Володя сначала покраснел, оскорбился, но вдруг возмутился:

– В гробу я видал твое лечение! А здоровья во мне – хоть чалку набрасывай и швартуйся! И вообще, отвалите вы от меня…

Прожив до весны у Степана Петровича, я вырвался в Великаны и подгадал к цветению черемухи по берегам Рожохи. Только вот «инвалидной команды» под ней не было. У самой воды сидели два одноногих фронтовика – Туров и Петруха Карасев да примкнувший к ним дядя Федор. Лаптошное поле, когда-то выбитое босыми ногами до земли, затянулось травой-ползунком, и кое-где набирали силу метелки кустарников. Разве что по-прежнему рьяно пикировал на землю бекас-штурмовик, и от его боевого треска все ниже к воде стелились легкие, стремительные стрижи.
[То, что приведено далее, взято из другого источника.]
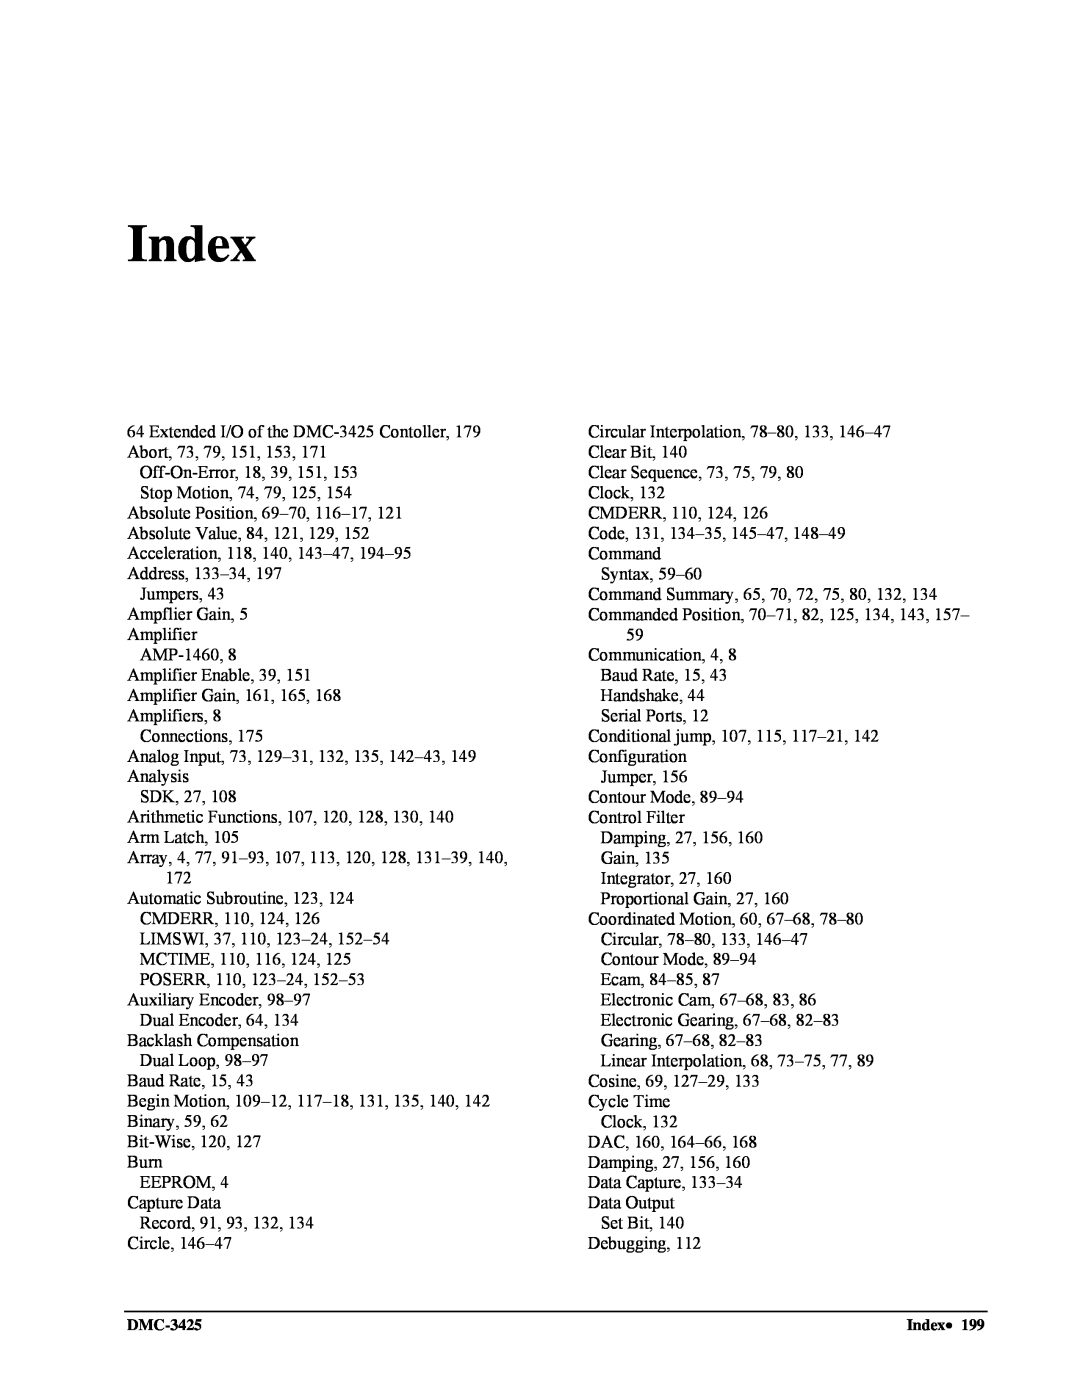 Galil DMC-3425 user manual Index

Мы с Володей пошатались по деревне и на ночь глядя решили ехать на Божье озеро, где в эту пору начинался рыбий жор. Березы едва лишь начинали распускаться; все кругом светилось от нежной зелени, и с вечерними сумерками начинало казаться, что светится и черная озерная вода. Мы устроились среди трухлявых пней – вода еще не спала – и забросили удочки. Хорошо было, вольготно и тихо, так что хотелось молчать. Я радовался про себя: никто не приставал с разговорами и на пустынных берегах не было ни души, кроме нас. Дядя Леня Христолюбов уехал прореживать лесопосадки на старых вырубках, тетя Варя весной перебиралась в Великаны, и кордонная изба даже издали выглядела нежилой.

Однако вместе с сумерками Володя разговорился сам, и на тему, тяжелую для него.
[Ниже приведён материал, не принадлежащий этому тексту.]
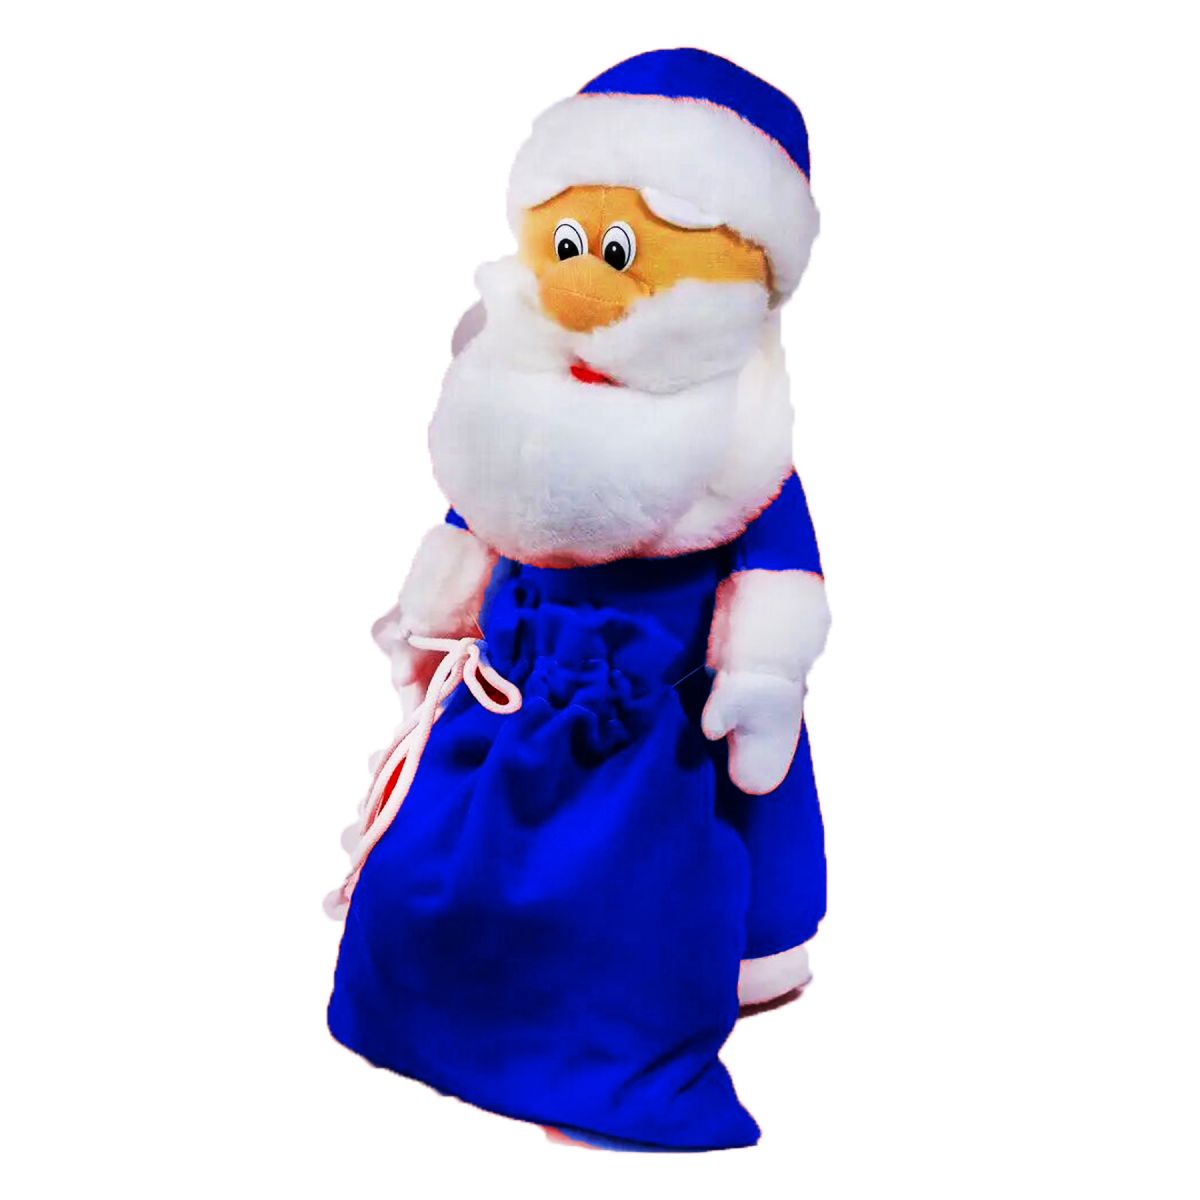 Мягкая игрушка "Санта Клаус" в синем

– Знаю я, надо жениться, – начал он так, словно продолжал давнюю беседу. – А то поглядишь на твою мать – душа болит. Нас в избе два мужика, и оба пенсионеры. Вот так дожили… А она всю войну ломила и до сих пор ломит. Измотались бабенки – живого места нет, и пенсию еще не выработали. Да и получат, так гроши – двенадцать рублей. Опять надо в свинарник идти да на ферму… Сколько же можно? Им бы уже внуков нянчить, а где они, внуки?.. Нет, надо жениться, надо… Я ведь еще успею, да?

Он помолчал, дожидаясь ответа, но мне сказать было нечего – сам знает все и больше меня понимает…
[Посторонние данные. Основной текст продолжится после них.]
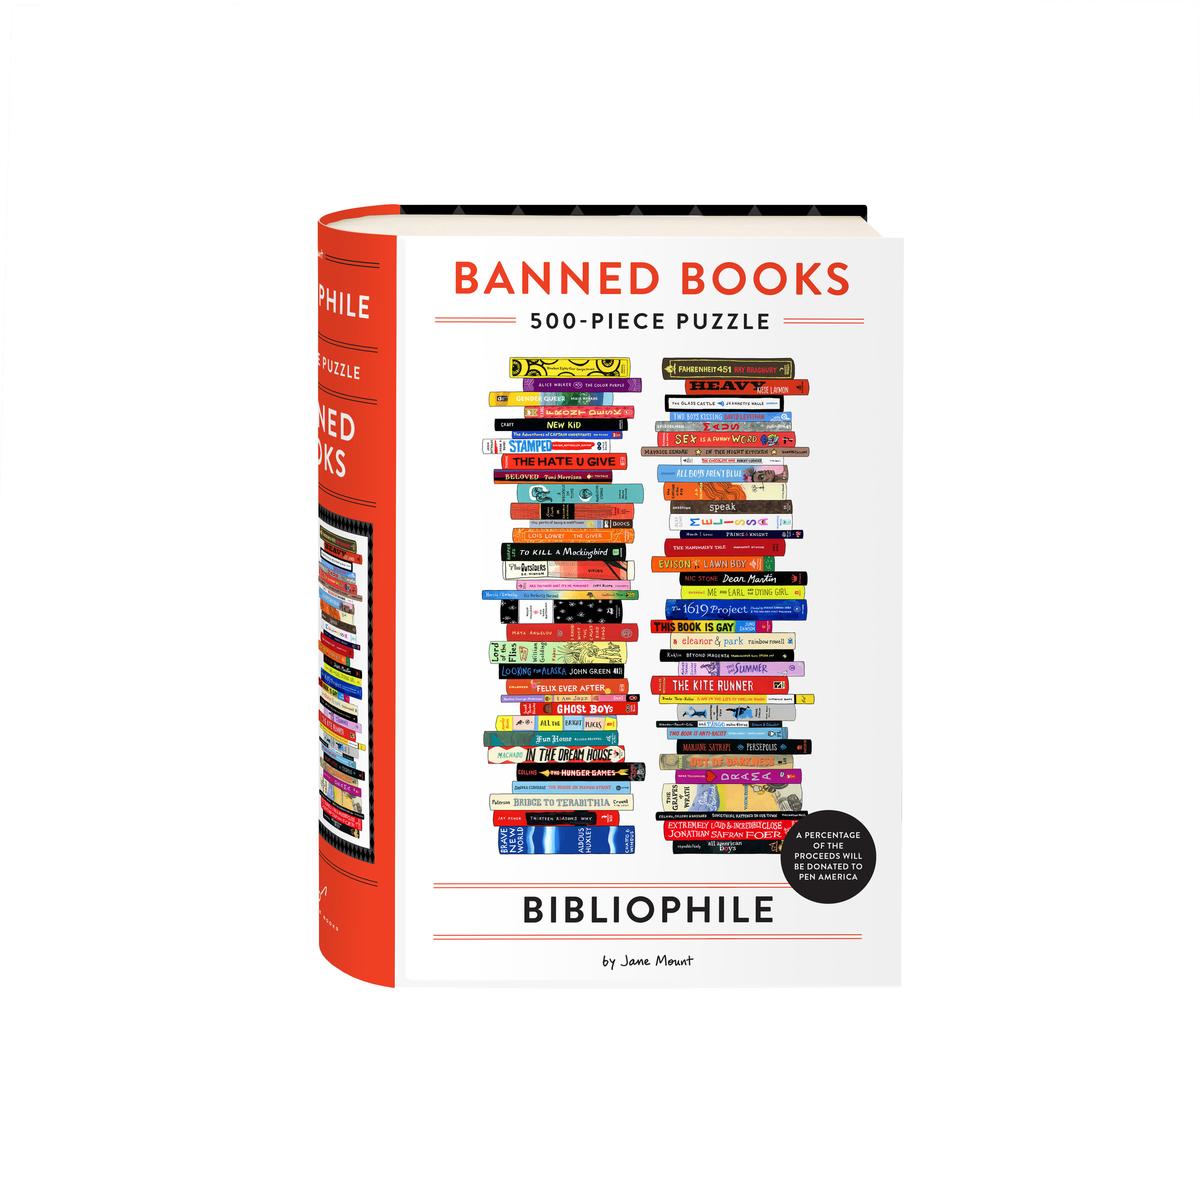 "Bibliophile: Banned Books" Puzzle - 500 Piece

Поплавок его удочки давно уже кувыркался на воде и азартно бегал по сторонам. Володя сидел боком к озеру с опущенными плечами, время от времени подтягивал на лбу форменную фуражку. Я вытащил удочку – на крючке изгибался голубоватый окунь.

– А невеста? – спросил я.

– Невеста есть, – не сразу вымолвил брательник. – Только высватать не могу.

– Ты мне поручи.

Удочка Володи была удачливой: едва поплавок лег на воду, как тут же пошел в глубину.

– Да уж… – проворчал Володя, и я узнал в этом отца его, Федора. – Гляди-ка, спец нашелся…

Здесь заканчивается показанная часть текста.